Source data
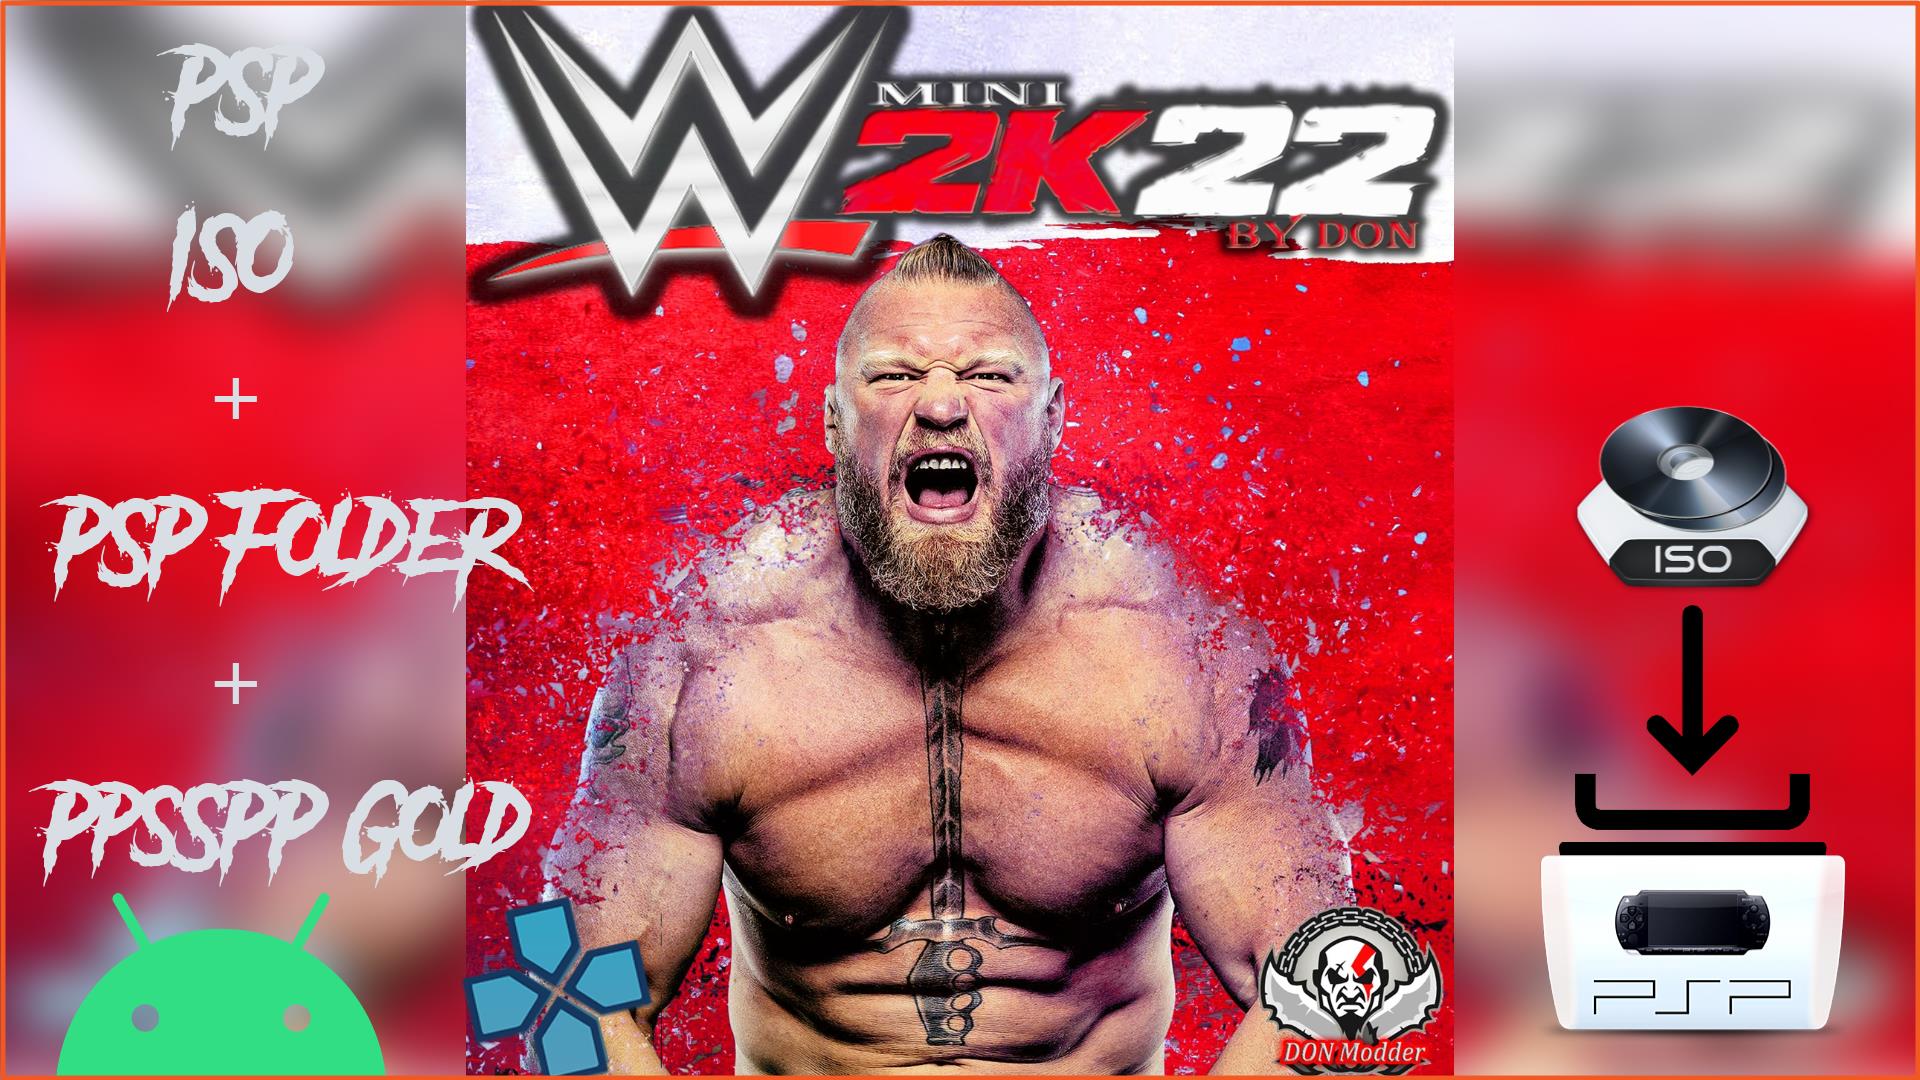 how to download WWE 2k22 ppsspp in PPSSPP｜TikTok Search
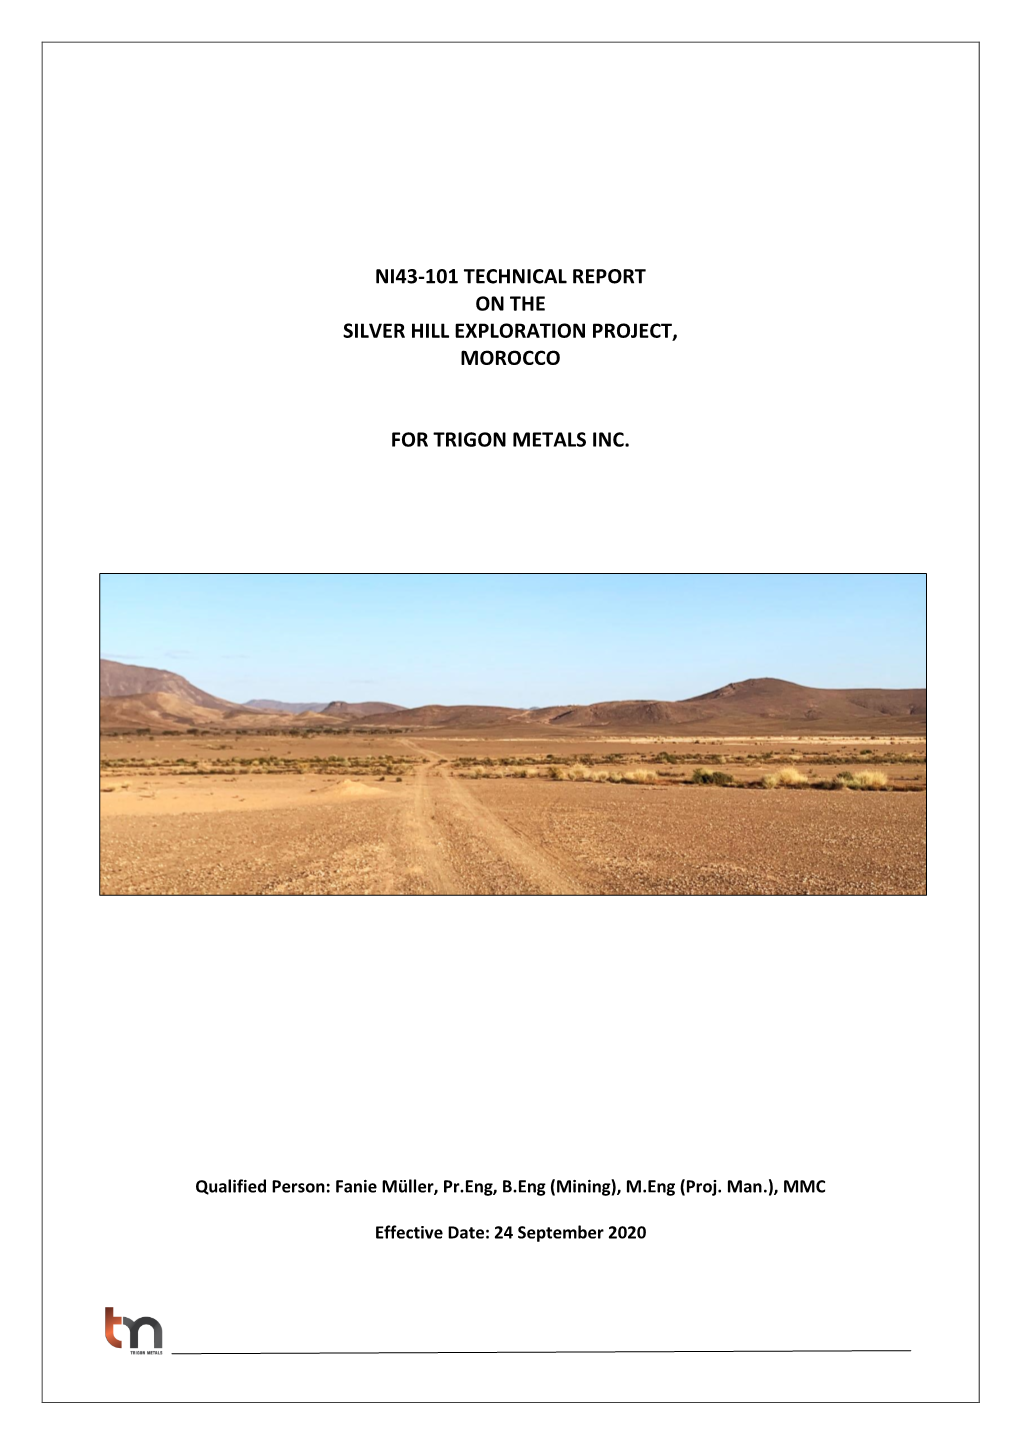 NI43-101 Technical Report on the Silver Hill Copper and Silver Project, Morocco 32
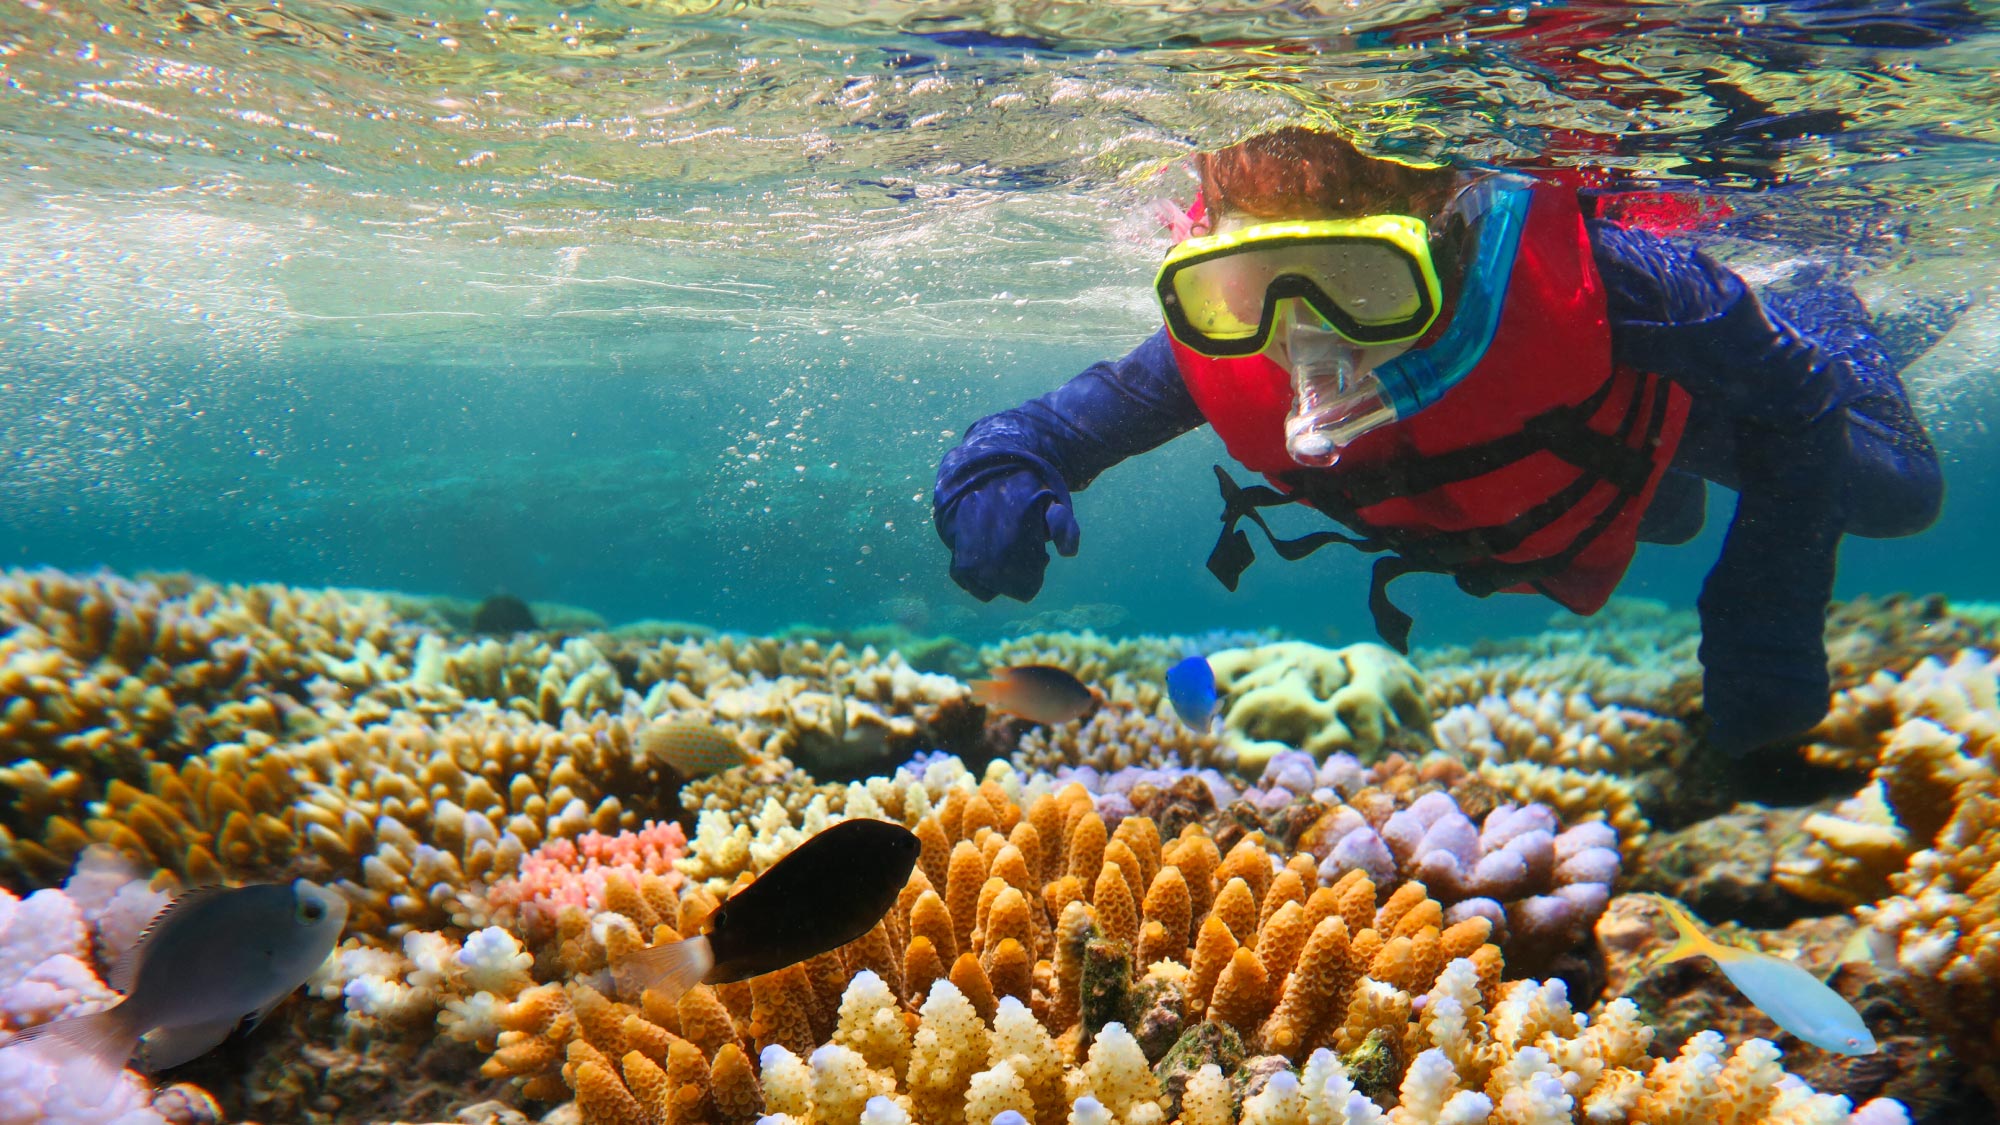 Explore the breathtaking Great Barrier Reef, a highlight of the journey to Australia spanning 21 countries, designed for self-flying pilots with a passion for adventure and exploration.

Exercise description
Although the material contains pictures, only the lines are to be written out, exactly as they stand.

Reply
 how to download WWE 2k22 ppsspp in PPSSPP｜TikTok Search
 NI43-101 Technical Report on the Silver Hill Copper and Silver Project, Morocco 32
 Explore the breathtaking Great Barrier Reef, a highlight of the journey to Australia spanning 21 countries, designed for self-flying pilots with a passion for adventure and exploration.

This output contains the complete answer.